Carry On Read online

Page 5


  Fuck. No.

  He steps away from me. “Simon,” he says. His wand is out. “Stay cool!”

  I fumble for my own wand and start running through spells. “Keep it together! Suck it up! Steady on! Hold fast!” But spells take magic, and drawing on my magic right now just draws it to the surface—the red between us thickens. I close my eyes and try to disappear. To think of nothing at all. I fall back on the bed, and my wand bounces onto the floor.

  When I can focus again, the Mage is leaning over me, his hand on my forehead. Something is smoking—I think it’s my sheets. “I’m sorry,” I whisper. “I didn’t mean—”

  “I know,” he says, but he still looks scared. He pushes my hair up off my forehead with one hand, then brushes his knuckles down my cheek.

  “Please don’t make me leave,” I beg.

  The Mage looks in my eyes, and through them. I can see him deliberating—then relenting. “I’ll talk to the Coven,” he says. “Perhaps we still have time.…” He purses his lips together. He has a pencil-thin moustache, just above his lips; Baz and Agatha both like to make fun of it. “But it isn’t just your safety we’re concerned with, Simon.…”

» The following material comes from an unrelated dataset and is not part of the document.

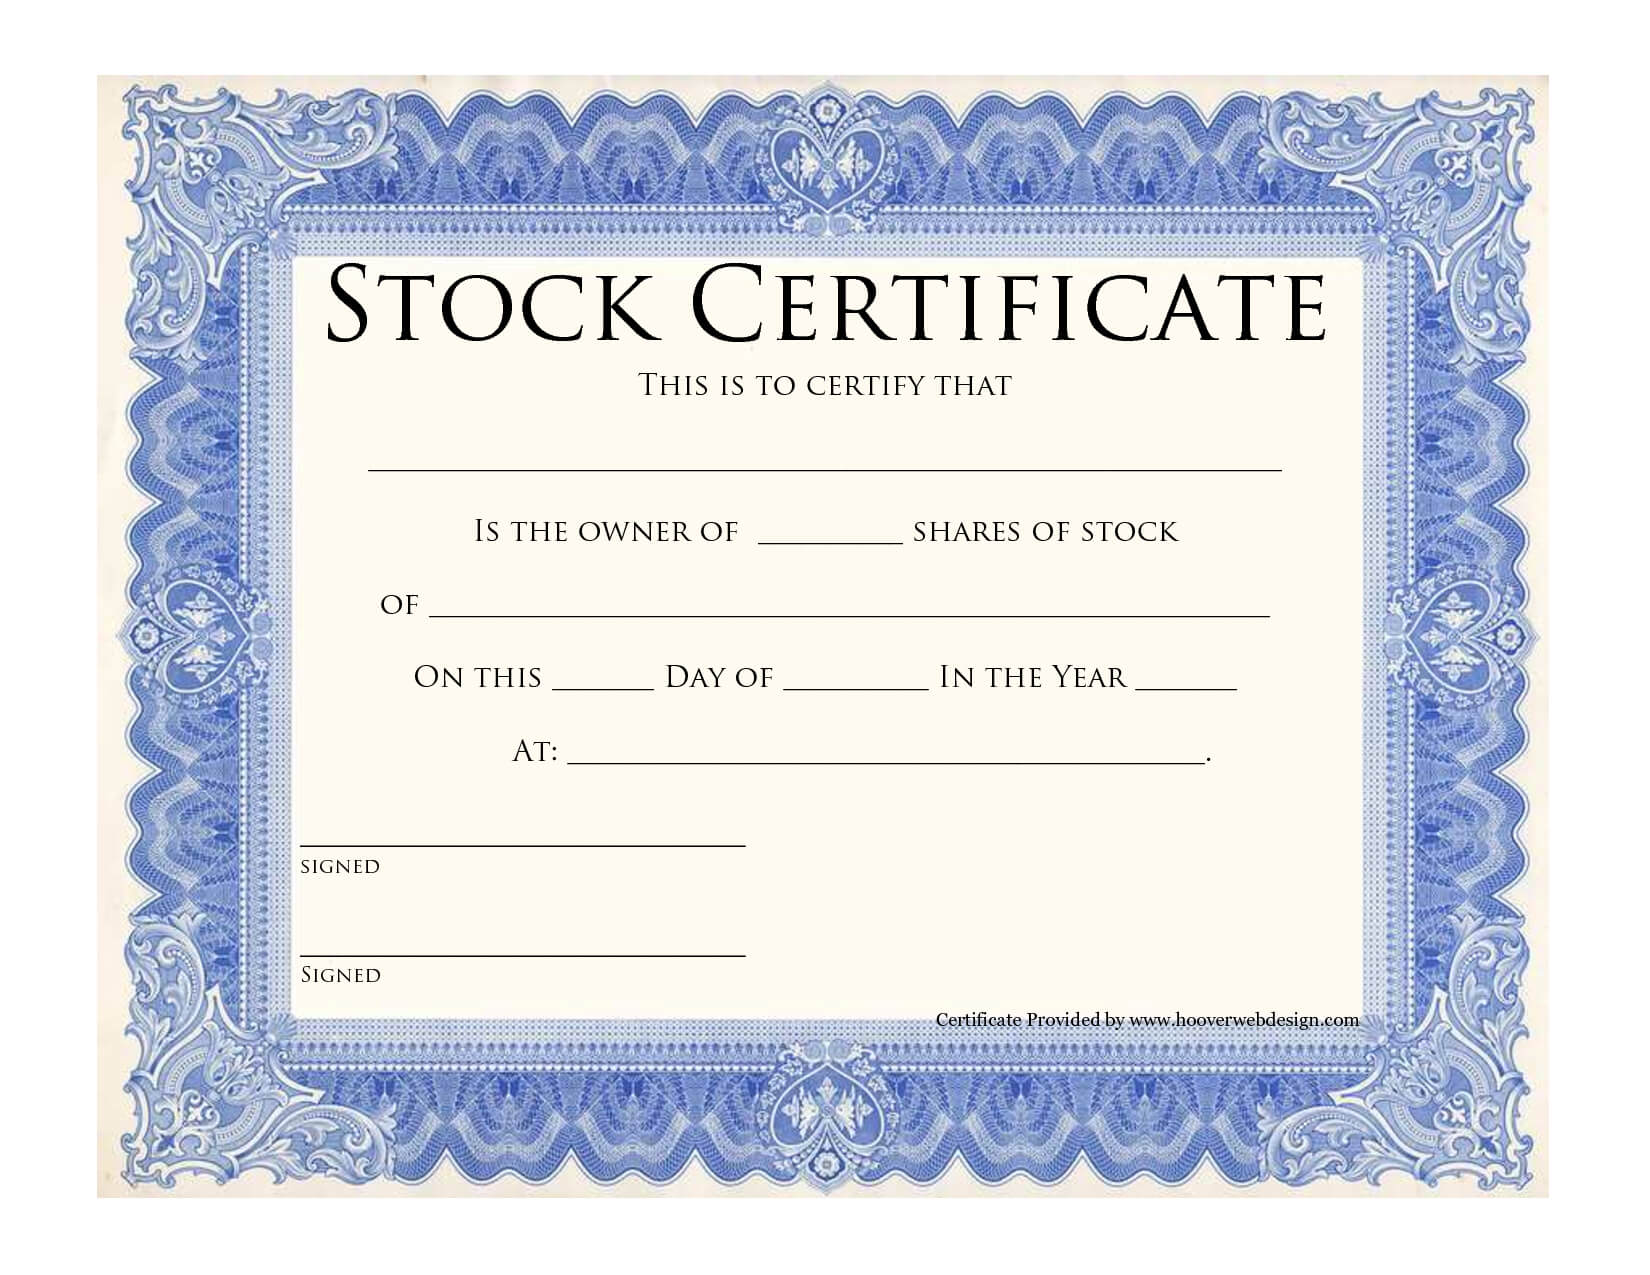 Blank Stock Certificate Template | Printable Stock Within Stock Certificate Template Word
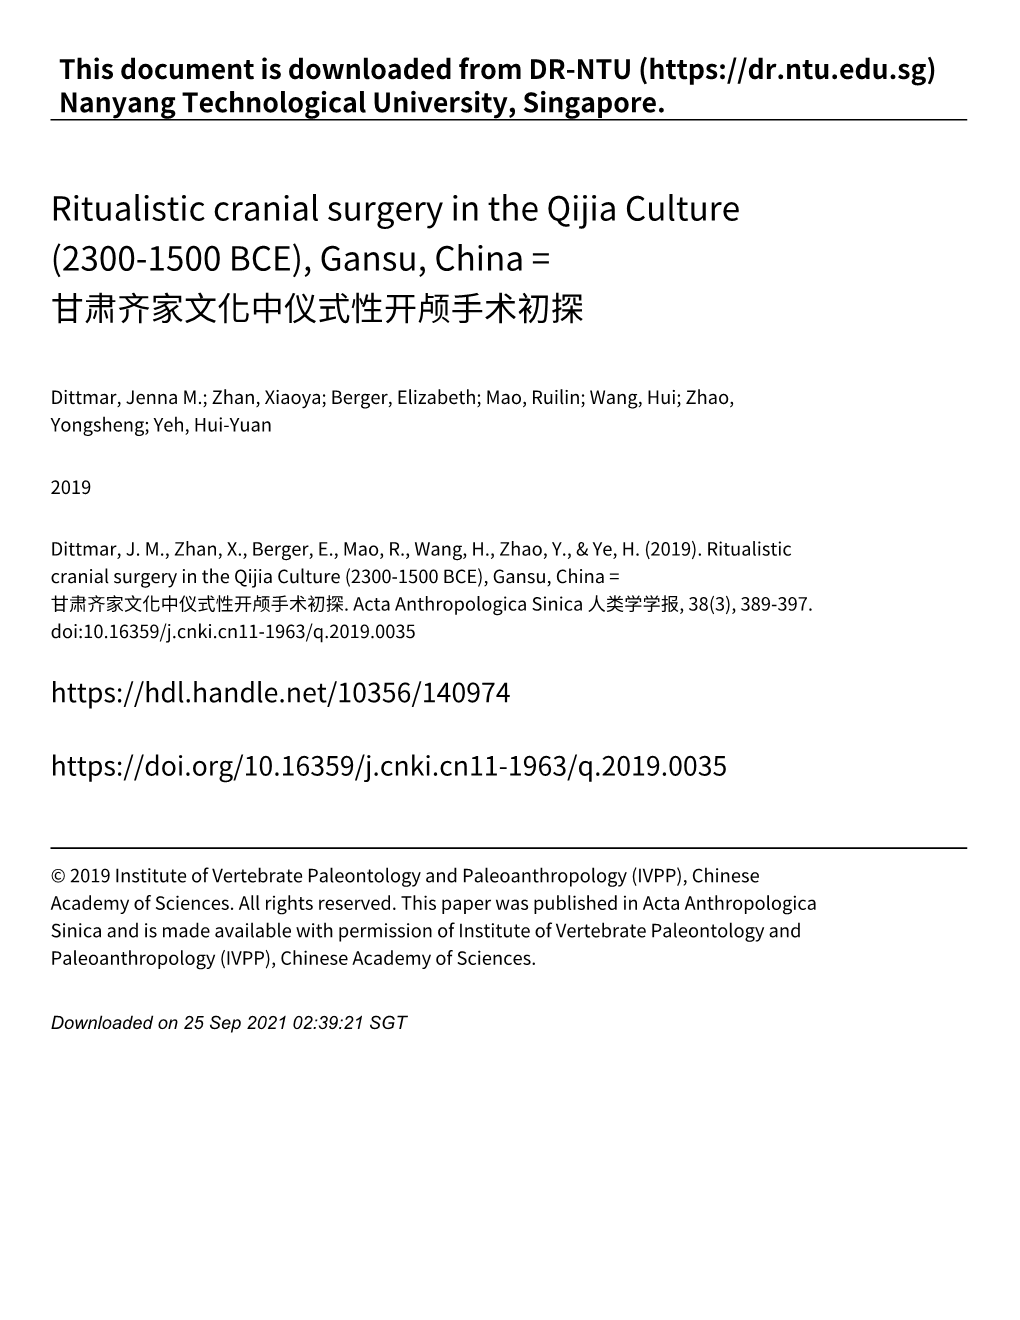 Ritualistic Cranial Surgery in the Qijia Culture (2300‑1500 BCE), Gansu, China = 甘肃齐家文化中仪式性开颅手术初探

  He’s still leaning over me. I feel like there’s nothing to breathe between us but smoke.

  “I’ll talk to the Coven,” he says. He squeezes my shoulder and stands. “Do you need the nurse?”

  “No, sir.”

  “You’ll call for me if something changes. Or if you see anything strange—any signs of the Humdrum, or anything … out of the ordinary.”

  I nod.

  The Mage strides out of the room, his palm resting on the hilt of his sword—that means he’s thinking—and closes the door firmly behind him.

  I roll around and make sure that my bed isn’t actually burning, then collapse back into sleep.

  8

  LUCY

  And the fog is so thick.

  9

  SIMON

  Penny’s sitting at my desk when I wake up again. She’s reading a book as thick as her arm. “It’s past noon,” she says. “You’ve become an absolute sluggard in foster care; I’m writing a letter to The Telegraph.”

  “You can’t just let yourself into my room without knocking,” I say, sitting up and rubbing my eyes. “Even if you do have a magickal key.”

  “It’s not a key, and I did knock. You sleep like a corpse.”

  I walk past her to the bathroom, and she sniffs, then closes her book. “Simon. Did you go off?”

  “Sort of. It’s a long story.”

  “Were you attacked?”

  “No,” I shut the door to the bathroom and raise my voice: “I’ll tell you later.” Penny’s going to flip her shit when I tell her the Mage wants to send me away.

  I look in the mirror and try to decide whether to shower. My hair’s matted to my head on one side and standing up on top—I always break into a sweat when I lose control like that. I feel grimy all over. I examine my chin in the mirror, hoping I need a shave, but I don’t; I never really do. I’d grow a moustache just like the Mage’s if I could, and I wouldn’t care at all if Baz took the piss.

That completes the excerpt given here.